YOUR TASK
Locate the line that contains "handbook. Rope Gift." in the entries below, then repeat it and every following line through the line that contains "Ferry to little", exactly, and no others.

GIVEN DATA
══════

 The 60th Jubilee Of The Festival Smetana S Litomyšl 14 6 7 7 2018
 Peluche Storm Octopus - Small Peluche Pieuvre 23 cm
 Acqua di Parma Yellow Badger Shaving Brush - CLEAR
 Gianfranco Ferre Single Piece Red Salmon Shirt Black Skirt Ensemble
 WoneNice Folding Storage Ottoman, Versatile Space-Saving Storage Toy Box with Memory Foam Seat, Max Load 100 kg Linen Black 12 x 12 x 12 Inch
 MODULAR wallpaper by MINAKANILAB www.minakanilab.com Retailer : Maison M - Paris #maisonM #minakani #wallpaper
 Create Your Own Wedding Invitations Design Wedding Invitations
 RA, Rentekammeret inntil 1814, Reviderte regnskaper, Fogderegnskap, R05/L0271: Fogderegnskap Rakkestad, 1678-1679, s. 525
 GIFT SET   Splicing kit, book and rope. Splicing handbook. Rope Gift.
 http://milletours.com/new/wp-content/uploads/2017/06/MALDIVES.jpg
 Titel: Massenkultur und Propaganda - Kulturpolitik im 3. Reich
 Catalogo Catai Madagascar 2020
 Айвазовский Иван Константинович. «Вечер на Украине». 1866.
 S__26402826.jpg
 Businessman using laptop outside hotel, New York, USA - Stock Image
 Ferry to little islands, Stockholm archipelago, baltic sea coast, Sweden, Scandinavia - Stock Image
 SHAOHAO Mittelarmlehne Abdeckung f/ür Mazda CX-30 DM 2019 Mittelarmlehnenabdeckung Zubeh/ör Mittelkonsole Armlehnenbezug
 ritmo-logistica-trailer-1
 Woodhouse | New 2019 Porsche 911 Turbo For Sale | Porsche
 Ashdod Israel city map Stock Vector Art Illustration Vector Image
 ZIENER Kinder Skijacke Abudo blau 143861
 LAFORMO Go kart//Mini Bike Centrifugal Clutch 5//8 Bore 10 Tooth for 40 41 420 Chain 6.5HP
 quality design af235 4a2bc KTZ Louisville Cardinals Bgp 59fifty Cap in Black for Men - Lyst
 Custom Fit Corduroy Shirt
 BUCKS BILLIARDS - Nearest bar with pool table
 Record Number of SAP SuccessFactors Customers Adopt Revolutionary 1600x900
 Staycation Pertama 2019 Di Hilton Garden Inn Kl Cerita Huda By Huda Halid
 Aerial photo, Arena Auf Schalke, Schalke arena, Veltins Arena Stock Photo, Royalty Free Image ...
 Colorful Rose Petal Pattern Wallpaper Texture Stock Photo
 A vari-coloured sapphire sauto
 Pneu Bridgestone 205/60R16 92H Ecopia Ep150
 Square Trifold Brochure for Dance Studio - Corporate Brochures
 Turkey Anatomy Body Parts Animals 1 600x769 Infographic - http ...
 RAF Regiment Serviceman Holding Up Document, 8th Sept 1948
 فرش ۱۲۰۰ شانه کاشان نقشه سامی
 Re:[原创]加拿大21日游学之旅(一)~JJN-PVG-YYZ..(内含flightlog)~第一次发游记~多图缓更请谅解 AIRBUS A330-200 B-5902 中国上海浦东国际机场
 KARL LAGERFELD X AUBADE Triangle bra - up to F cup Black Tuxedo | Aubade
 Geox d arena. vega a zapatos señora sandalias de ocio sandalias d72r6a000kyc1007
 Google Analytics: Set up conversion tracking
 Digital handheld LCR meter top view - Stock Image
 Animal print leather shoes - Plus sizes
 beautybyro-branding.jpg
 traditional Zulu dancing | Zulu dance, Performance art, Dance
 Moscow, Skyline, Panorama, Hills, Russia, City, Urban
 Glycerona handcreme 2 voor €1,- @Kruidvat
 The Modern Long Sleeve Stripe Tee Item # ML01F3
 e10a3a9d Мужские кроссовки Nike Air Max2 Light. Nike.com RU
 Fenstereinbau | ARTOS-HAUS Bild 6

══════

PROBLEM SOLUTION
 GIFT SET   Splicing kit, book and rope. Splicing handbook. Rope Gift.
 http://milletours.com/new/wp-content/uploads/2017/06/MALDIVES.jpg
 Titel: Massenkultur und Propaganda - Kulturpolitik im 3. Reich
 Catalogo Catai Madagascar 2020
 Айвазовский Иван Константинович. «Вечер на Украине». 1866.
 S__26402826.jpg
 Businessman using laptop outside hotel, New York, USA - Stock Image
 Ferry to little islands, Stockholm archipelago, baltic sea coast, Sweden, Scandinavia - Stock Image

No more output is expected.